Knowledge, clinical practice, and professional motivation of medical providers relating to H5N1 infection have an important influence on care for H5N1 patients who require early diagnosis and early medical intervention.

Methods/Principal Findings

Novel educational programs including training and workshops for medical providers relating to H5N1 infection in Vietnam were originally created and implemented in 18 provincial hospitals in northern Vietnam between 2008 and 2010. A self-administered, structured questionnaire survey was conducted in 8 provincial hospitals where both educational training and workshops were previously provided. A total of 326 medical providers, including physicians, nurses, and laboratory technicians who attended or did not attend original programs were enrolled in the survey. Knowledge, clinical attitudes and practice (KAP), including motivation surrounding caring for H5N1 patients, were evaluated. The study indicated a high level of knowledge and motivation in all professional groups, with especially high levels in laboratory technicians. Conferences and educational programs were evaluated to be the main scientific information resources for physicians, along with information from colleagues. The chest radiographs and the initiation of antiviral treatment in the absence of RT-PCR result were identified as gaps in education. Factors possibly influencing professional motivation for caring for H5N1 patients included healthcare profession, the hospital where the respondents worked, age group, attendance at original educational programs and at educational programs which were conducted by international health-related organizations.

Conclusions

Educational programs provide high knowledge and motivation for medical providers in Vietnam caring for H5N1 patients. Additional educational programs related to chest radiographs and an initiation of treatment in the absence of RT-PCR are needed. Networking is also necessary for sharing updated scientific information and practical experiences.
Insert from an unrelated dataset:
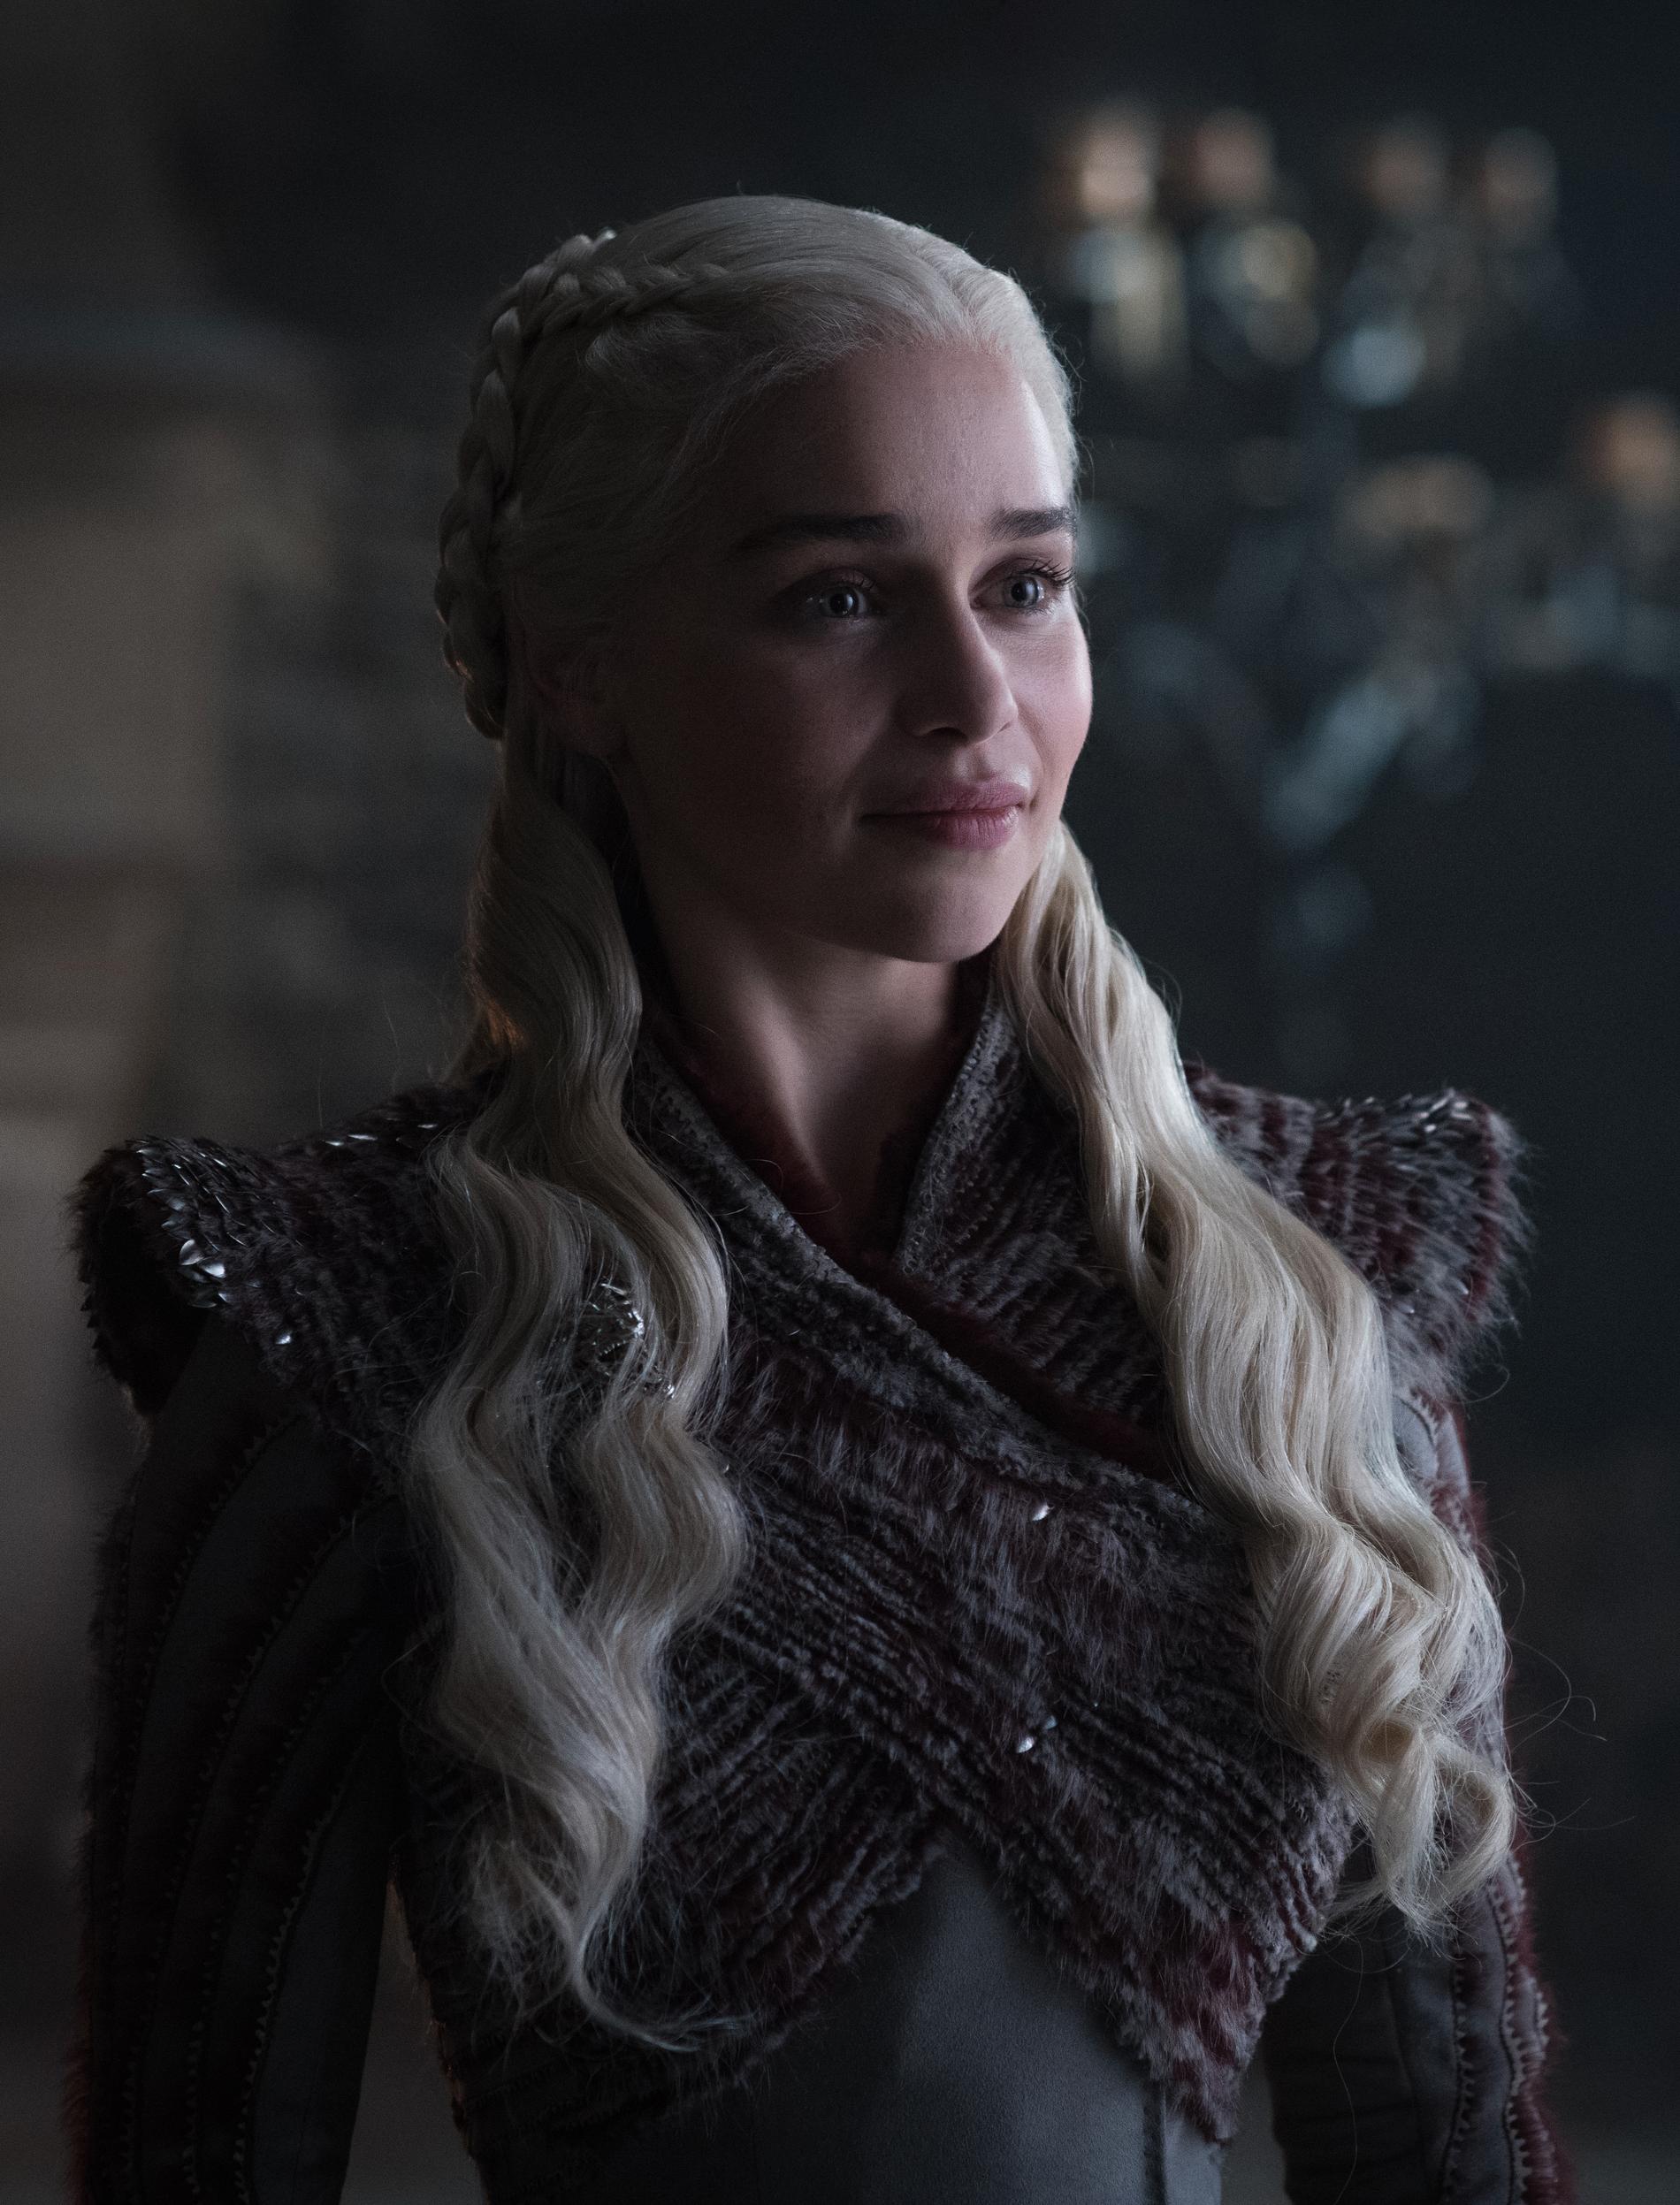 Ju längre norr ut karaktärerna kommer desto varmare kläder behöver de. Daenerys kläder börjar mer och mer spegla hennes familjs färger i svart och rött.

These enhanced KAPs by educational programs and integrated systems among hospitals should result in appropriate care for H5N1 patients and may reduce morbidity and mortality.

Introduction

Avian influenza (H5N1) infection in human is associated with a high mortality rate [1]. One of the main causes may be delayed diagnosis and delayed initiation of antiviral administration [2], [3]. Previously, a Knowledge, Attitude, and Practice (KAP) survey was conducted in people living in H5N1 high-risk communities in Vietnam; awareness and behaviours relating to H5N1 infection and relating to the importance of receiving early medical assistance was evaluated [4]. However, even if patients with H5N1 infection visit medical facilities at the early stage of their illness, a delay in diagnosis or initiation of antiviral drug administration can occur due to a lack of medical resources or insufficient knowledge or experience of medical providers who treat H5N1 patients. Although Vietnam has experienced a relatively high prevalence of H5N1 infection compared to other countries, only 26 has been reported since 2007. This describes that only small number of medical providers have experiences for treating H5N1 patients in Vietnam. Professional motivation on the part of medical providers is also required for treating patients with this fatal illness, for which human-to-human transmission has not yet been evidenced [5]. KAP and motivation relating to H5N1 in hospital-based medical providers in high-risk areas have a strong impact on patients' survival; however, KAP and motivation have not yet been studied in Vietnam. The aim of this study was to assess KAP and motivation relating to H5N1 infection in medical providers in Vietnam in order to enhance their roles in clinical practice and to improve the survival rate for H5N1 infections.

Materials and Methods

Study sites and subjects

The questionnaire survey was conducted in 8 general provincial hospitals where both the educational training and workshops were previously conducted: Bac Ninh, Bac Giang, Lang Son, Ninh Binh, Ha Nam, Nam Dinh, Tuyen Quang, and Thai Binh (Fig. 1). The average of number of beds in each hospital was approximately 600 and the average of number of staffs was approximately 200. Each hospital was the center of healthcare for a province. A total 334 study participants were selected by random sampling from the list of the staff in infectious disease department, intensive care unit, emergency department, and microbiology department in each hospital, and included physicians, nurses, laboratory technicians, pharmacists, and other healthcare professionals. All provinces in which the study hospitals were located have reported H5N1 epizootic outbreak among birds. 5 of the 8 provinces, including Ninh Binh, Ha Nam, Nam Dinh, Tuyen Quang, and Thai Binh, have reported human H5N1 patients. Respondents were divided into those 35 years of age and younger, 36 to 50 years, and over 50 years in order to determine behavioural and motivational differences between younger and older medical professionals.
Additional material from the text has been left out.